Effect of allowing the full set of punishment strategies

In the absence of punishment, defectors invade cooperators, loners invade defectors and cooperators invade loners44, as in a rock-paper-scissors cycle (Fig. 1a). The system spends a similar amount of time in each of the three behavioural states, and cooperation is not the dominant outcome (although there is more cooperation than in the game without loners). If cooperators are allowed to punish defectors, however, the cooperator–defector–loner cycle is broken when the system reaches punishing cooperators (Fig. 1b). For this limited strategy set, the population spends the vast majority of its time in a cooperative state17.

Figure 1: Antisocial punishment is common and punishment does not promote cooperation.
figure 1

Time-averaged frequencies of each strategy and transition rates between homogeneous populations, (a) without punishment, (b) when cooperators can punish defectors, and (c,d) with the full set of punishment strategies (for illustrative purposes, only selected strategies are shown in panel c). A strategy X-Y1Y2Y3 is defined by a public goods game action (X: C, cooperator; D, defector; L, loner), a punishment decision taken towards cooperators (Y1: N, no action, P, punish), defectors (Y2: N or P) and loners (Y3: N or P). Transition rates ρ are the probability that a new mutant goes to fixation multiplied by the population size. We indicate neutral drift (ρ=1, dotted lines), slow transitions (ρ=11.8, thin lines), intermediate transitions (ρ=25.7, medium lines) and fast transitions (ρ=38.7, thick lines). Transitions with rates less than 0.1 are not shown. Parameter values are N=100, n=5, r=3, c=1, γ=0.3, β=1 and σ=1. In panels c and d, strategies that punish others taking the same public goods action are included in the analysis, but not pictured, because they are strongly disfavoured by selection and virtually non-existent in the steady-state distribution. For clarity, transitions with ρ< 10 are not shown in panel d.

But what happens when all punishment strategies are available? Now the cooperator–defector–loner cycle can be broken as easily in the loner or defector states as in a cooperative state (Fig. 1c,d). Without punishment, loners are invaded by cooperators; but loners that punish cooperators are protected from such an invasion. Similarly, defectors are invaded by loners; but defectors who punish loners are protected. Thus, when all punishment strategies are available, the dynamics effectively revert back to the original cooperator–defector–loner cycle. The salient difference is that now the most successful strategies use punishment against threatening invaders. We see that adding punishment does not provide much benefit to cooperators once the option to punish is available to all individuals, instead of being artificially restricted to cooperators punishing defectors. Furthermore, in this light, non-cooperative strategies that pay to punish cooperators seem less surprising, and we see why natural selection can lead to the evolution of antisocial punishment.

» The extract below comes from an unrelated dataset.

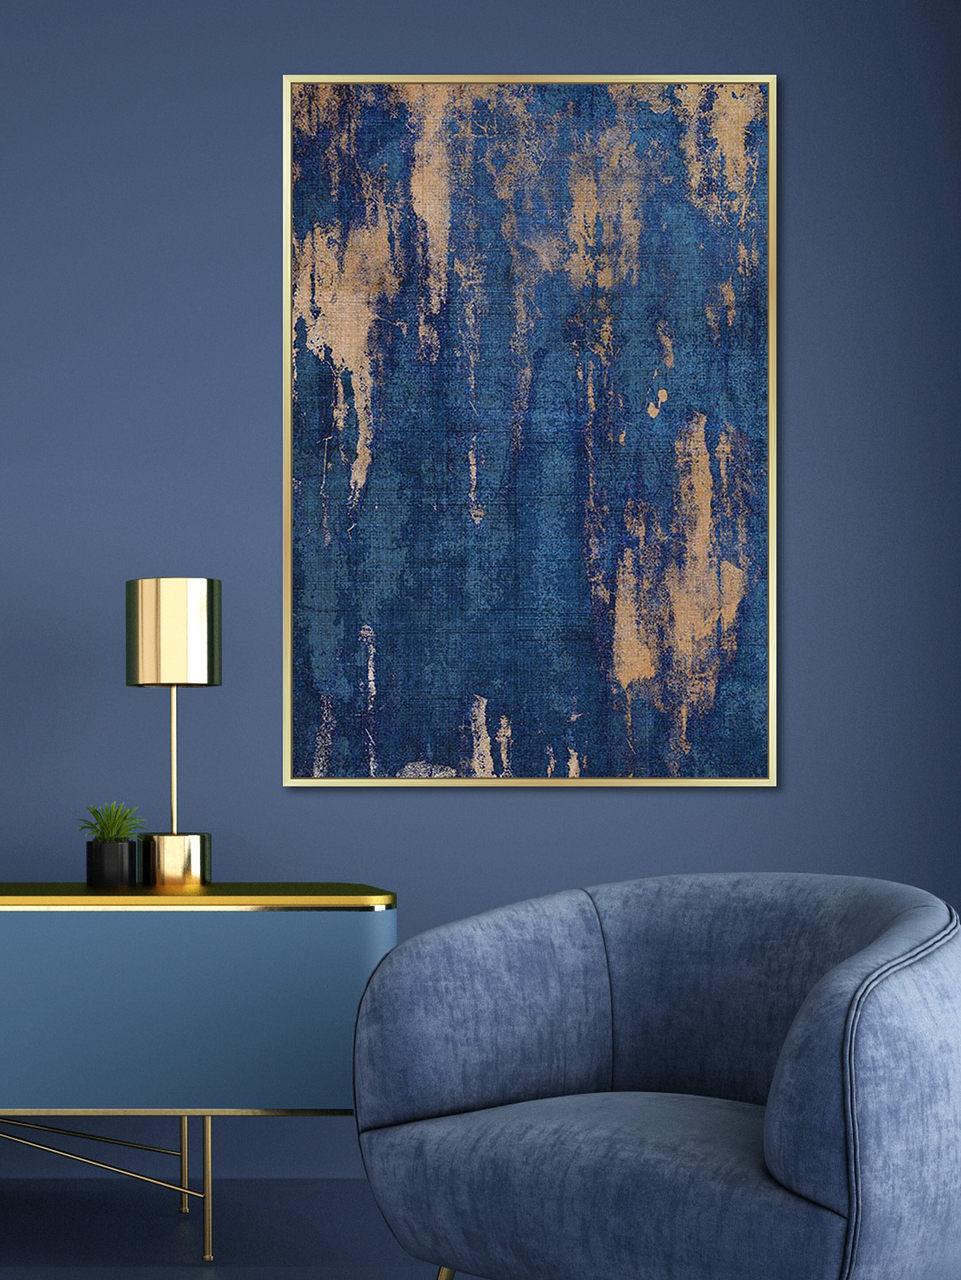 Quadro Decor Abstrato Contraste Azul

Robustness to parameter variation

These results are not particular to the parameter values used in Figure 1. We have examined the steady-state frequency of each strategy averaged over 100,000 randomly sampled parameter sets (Supplementary Notes). The outcome is remarkably similar to what is observed in Figure 1. The average level of cooperation is 34% in the absence of punishment, jumps to 87% with restricted punishment, and falls back to 34% with the full punishment strategy set. Although restricted punishment makes cooperation the dominant outcome for the vast majority of parameter sets, the full punishment strategy set does not (Fig. 2). For more than 98% of the randomly chosen parameter sets, the frequency of cooperation is below 0.5 when using the full punishment strategy set.

Figure 2: Robustness of results across parameter sets.
figure 2

Shown are the results of 100,000 numerical calculations using N=100, n=5, c=1 and randomly sampling from uniform distributions on the intervals 1 < r < 5, 0 < σ < (r−1)c, 0 < γ < 5, and γ < β < 5γ. Results are shown for (a) the strategy set without punishment, (b) the restricted punishment strategy set where only cooperators can punish loners, and (c) the full punishment strategy set.

We also find that the evolutionary success of antisocial punishment in the full strategy set is robust to variation in the payoff values. The frequencies of all three forms of punishment averaged over the 100,000 parameter sets are quite similar (punish cooperators, 40%; punish defectors, 41%; punish loners, 37%), and the frequency of each punishment type varies relatively little across parameter sets.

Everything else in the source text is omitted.